Étourdi, Ragu l’avait écouté. Tous ces noms, tous ces mariages, ces trois générations qui défilaient au galop, l’ahurissaient. Comment comprendre, comment se reconnaître, au milieu de ces événements ignorés, de ces mariages et de ces naissances  ? Il ne parla plus, il mangea de la viande froide, des fruits, avidement, assis devant la table heureuse et abondante, dans la salle claire qu’une lampe électrique inondait d’une vive clarté. Le sentiment du bien-être, de l’aisance dont il se sentait entouré, devait peser lourdement à ses épaules de vieux vagabond, car il semblait plus vieilli, plus fini encore, tandis que, la face dans son assiette, il dévorait, avec des regards louches sur tout ce bonheur dont il n’était pas. Les longues rancunes amassées, les fièvres de vengeances impuissantes, le rêve maintenant irréalisable de triompher enfin sur le désastre souhaité des autres, sortaient de son silence même, de l’accablement où le jetait tant de richesse entrevue. Et, pendant qu’il mangeait de la sorte, Bonnaire, repris de malaise à le voir si sombre, si inquiétant, se demandait par quelles aventures inconnues il avait pu rouler durant un demi-siècle, s’étonnant aussi de ce qu’il fût vivant encore, dans une telle misère.

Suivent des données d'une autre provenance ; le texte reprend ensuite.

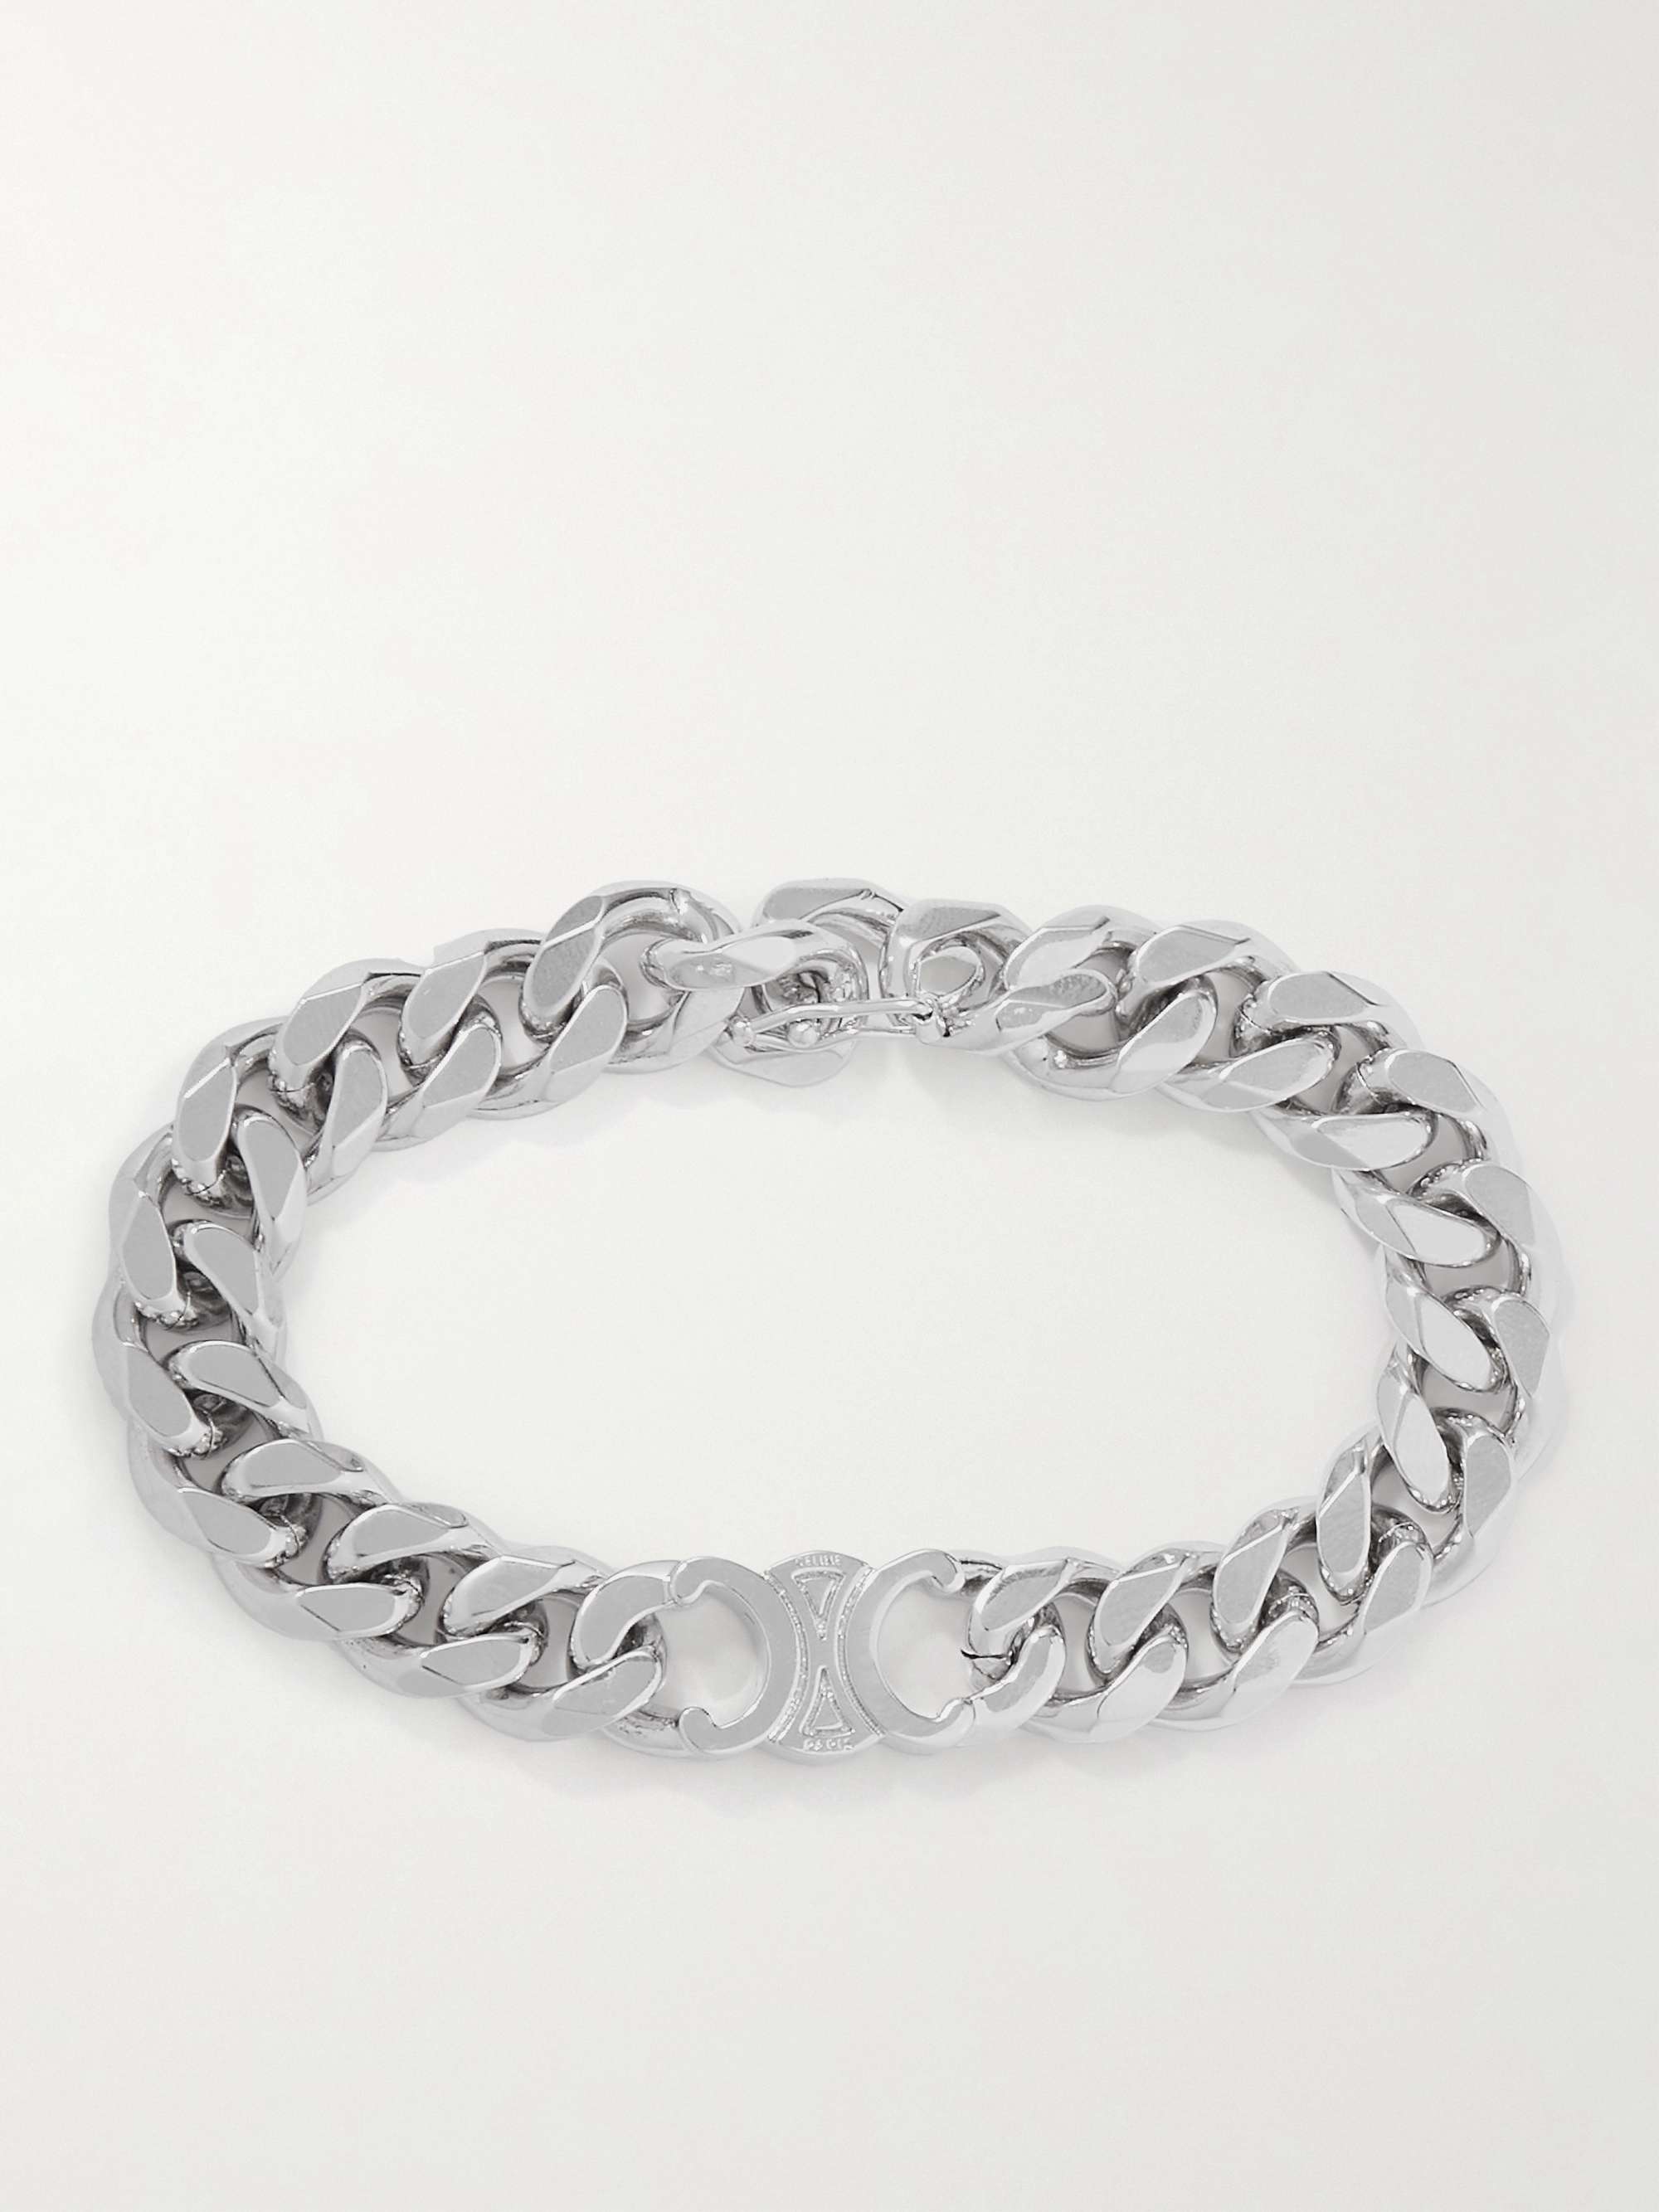 CELINE HOMME Triomphe Silver-Tone Chain Bracelet

«  D’où reviens-tu donc  ? finit-il par lui demander.

— Oh  ! de partout  ! répondit Ragu, avec un geste qui faisait le tour de l’horizon.

— Alors, tu as dû en voir, des pays, des gens et des choses  ?

— Oh  ! oui, en France, en Allemagne, en Angleterre, en Amérique, j’ai promené ma carcasse d’un bout du monde à l’autre.  »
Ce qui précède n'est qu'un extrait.